Two people push on a box that has a mass of 10kg, the person on the right has a mass of 86kg and applies a horizontal force of 50N. The person on the left has a mass of 45kg. The coefficient of kinetic friction between the box and the floor is .2, the coefficient of static friction is .4. If the box moves to the left with a constant velocity of 10 m/s, what is the force applied by the person on the left?
To find the force applied by the person on the left, we need to consider the net force acting on the box.

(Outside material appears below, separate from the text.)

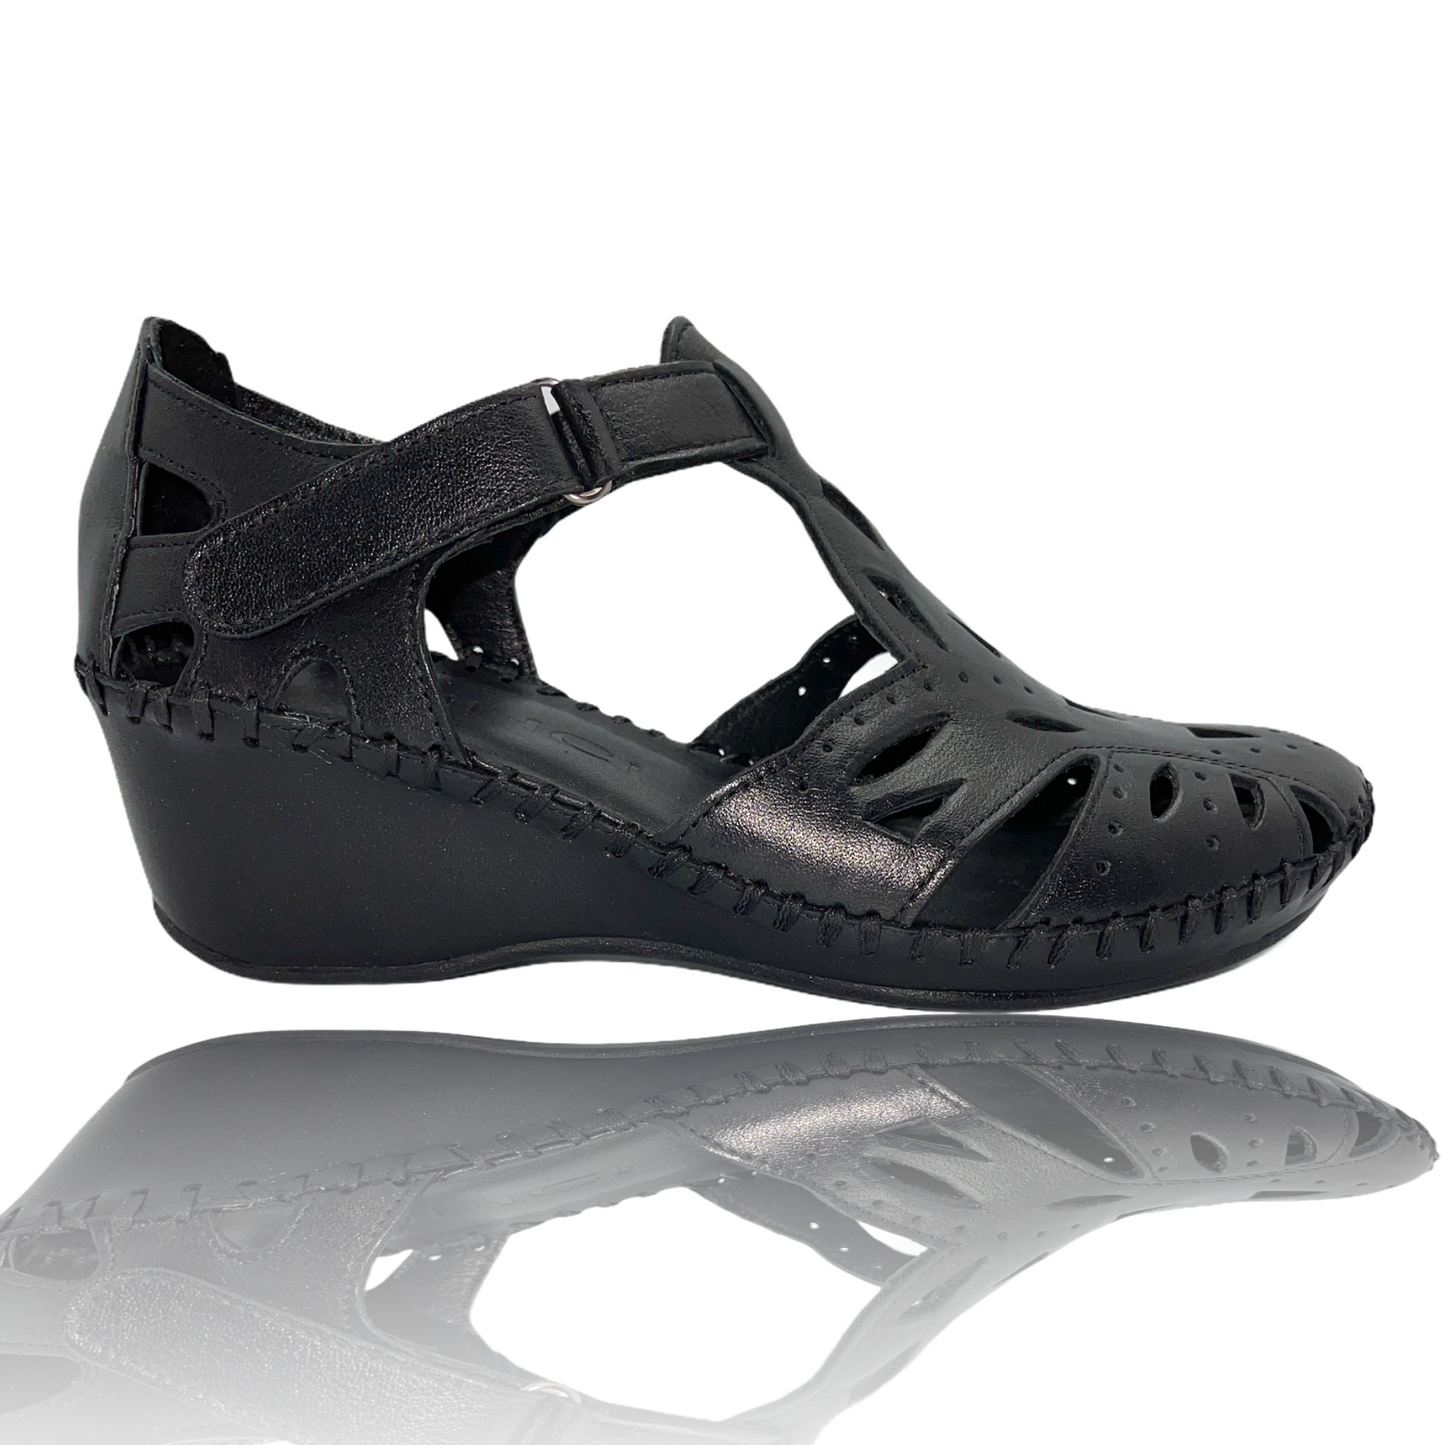 The Tonmawr Black Leather Sandal Final Sale!

First, let's calculate the force of friction acting on the box. We know that the coefficient of kinetic friction between the box and the floor is 0.2. The force of kinetic friction (Fk) can be calculated using the equation:
Fk = μk * N
where μk is the coefficient of kinetic friction and N is the normal force.
The normal force (N) is the force exerted by the floor on the box and is equal to the weight of the box (mg), where m is the mass of the box and g is the acceleration due to gravity (approximately 9.8 m/s^2).
N = mg
Substituting the known values:
m = 10 kg
g ≈ 9.8 m/s^2
N = (10 kg) * (9.8 m/s^2)
N = 98 N
Now, we can calculate the force of kinetic friction:
Fk = (0.2) * (98 N)
Fk = 19.6 N
Since the box is moving with a constant velocity, the net force acting on the box must be zero. This means that the force applied by the person on the left is equal in magnitude but opposite in direction to the force of friction:
Force applied by the person on the left = - Fk
Force applied by the person on the left = - 19.6 N
Therefore, the force applied by the person on the left is approximately 19.6 Newtons in the opposite direction of motion.